Chicago businesses brace for potential doubling of property taxes

Chicago Mayor Rahm Emanuel listens to remarks from an attendee at a town hall meeting on the city budget in Chicago, Illinois, United States, August 31, 2015. REUTERS/Jim Young

By Dave McKinney

CHICAGO (Reuters) - Chicago Mayor Rahm Emanuel has disclosed that his record property tax hike plan entails significant cuts for nearly 300,000 homeowners, leaving Chicago businesses predicting they will face hikes of up to 50 percent.

The second-term mayor last week proposed a $544 million property tax increase, the city's biggest ever, to help fix one of the worst-funded city pension systems in America and vowed “struggling” homeowners, whose residences are worth $250,000 or less, would not see an increase.

But details from the mayor’s office on Wednesday showed Emanuel’s definition of “struggling” extends far beyond Chicago’s famed bungalow belt to include nearly 290,000 homes. For the first time, the mayor’s office is saying those homeowners actually would profit from his dramatic city-wide tax increase plan.

A new analysis Emanuel’s administration circulated among city aldermen predicted that homeowners living in properties valued at $250,000 or less would experience “little or no increase” from the tax hike and that “most” would see their taxes drop.

The owner of such a home would see their tax bill drop by $140, or 3 percent, with the tax cut rising as home values drop. By contrast, the owner of a $500,000 home would see a $195 reduction, or 24 percent drop, in property taxes under the mayor’s plan, his office’s analysis showed.

Word that so many city homeowners stand to escape the reach of the mayor’s property-tax hike and some will even get cuts has angered business groups.

They argue they are being asked to shoulder a disproportionate share of the new tax. Several took their concerns to state lawmakers during a hearing last week.

One of those business leaders, the head of the trade group representing 23,000 merchants statewide, said some commercial properties in the city’s Loop business district could see a 50-percent hike in property taxes because of reassessments and the impact of the mayor’s tax push.

“I don’t think it’s ever good when you shelter someone from the true cost of government,” said Robert Karr, president and CEO of the Illinois Retail Merchants Association. “With this, they’re shifting the cost to a smaller population who’s paying an unfair burden.”

Emanuel’s office, which has said one in four dollars of the tax hike would come from the city’s central business district, did not contest the 50-percent figure.

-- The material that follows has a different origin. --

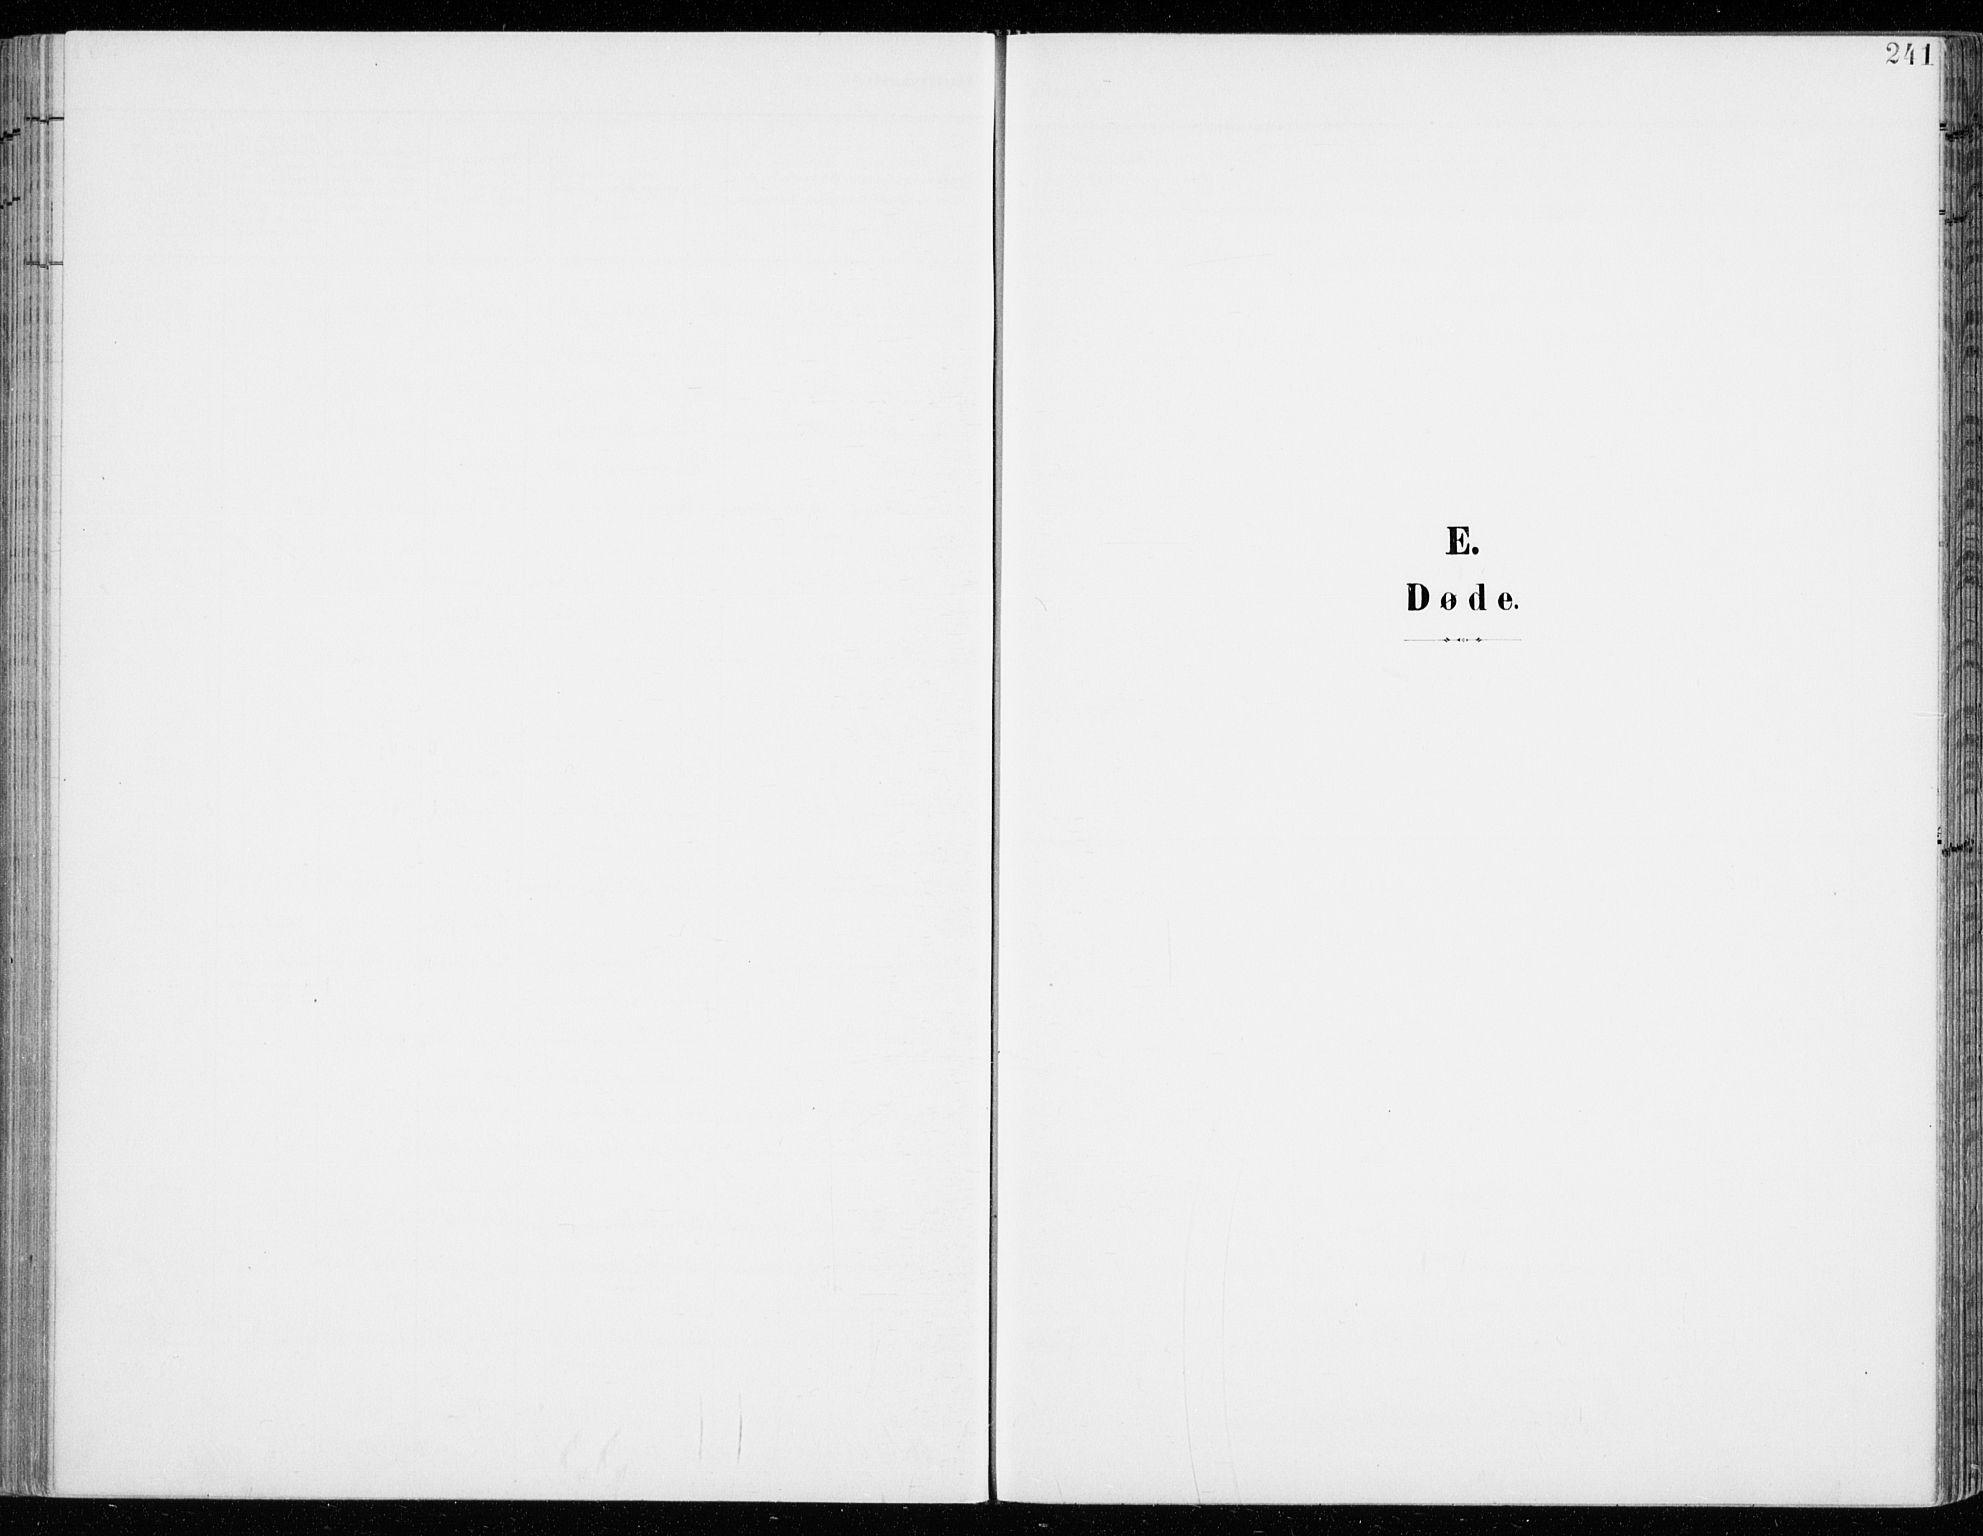 SAH, Fåberg prestekontor, H/Ha/Haa/L0011: Parish register (official) no. 11, 1899-1913, p. 241

But a mayoral aide insisted Emanuel’s plan is his best effort to fairly distribute the cost of the tax increase.

“Mayor Emanuel believes that the necessary property tax increase for our police and fire pension funds should be borne by those who can best afford it and should not hurt middle- and lower-income families and seniors,” Emanuel spokeswoman Molly Poppe told Reuters.

Emanuel’s strategy has the makings of a political two-fer because he gets the political benefit of proposing a tax cut, even if it winds up a casualty of a bitter budget standoff at the state capitol. Either way, the mayor gets the money he needs to help resuscitate his city’s police and fire pension funds.

Emanuel’s tax-relief component depends on a change in state law authorizing a possible doubling of Chicago’s existing $7,000 property-tax exemption available to all owner-occupied homes.

But that now appears in doubt because Republican Governor Bruce Rauner has voiced his distaste for increasing the property-tax exemption without it being tied to changes in collective-bargaining rules and other business-friendly changes the governor is seeking at the state level.

Combined, Chicago’s police and fire pension funds had a deficit of $12.1 billion as of December, city records show. The fire pension system is only 23 percent funded, while police pensions is 26 percent funded.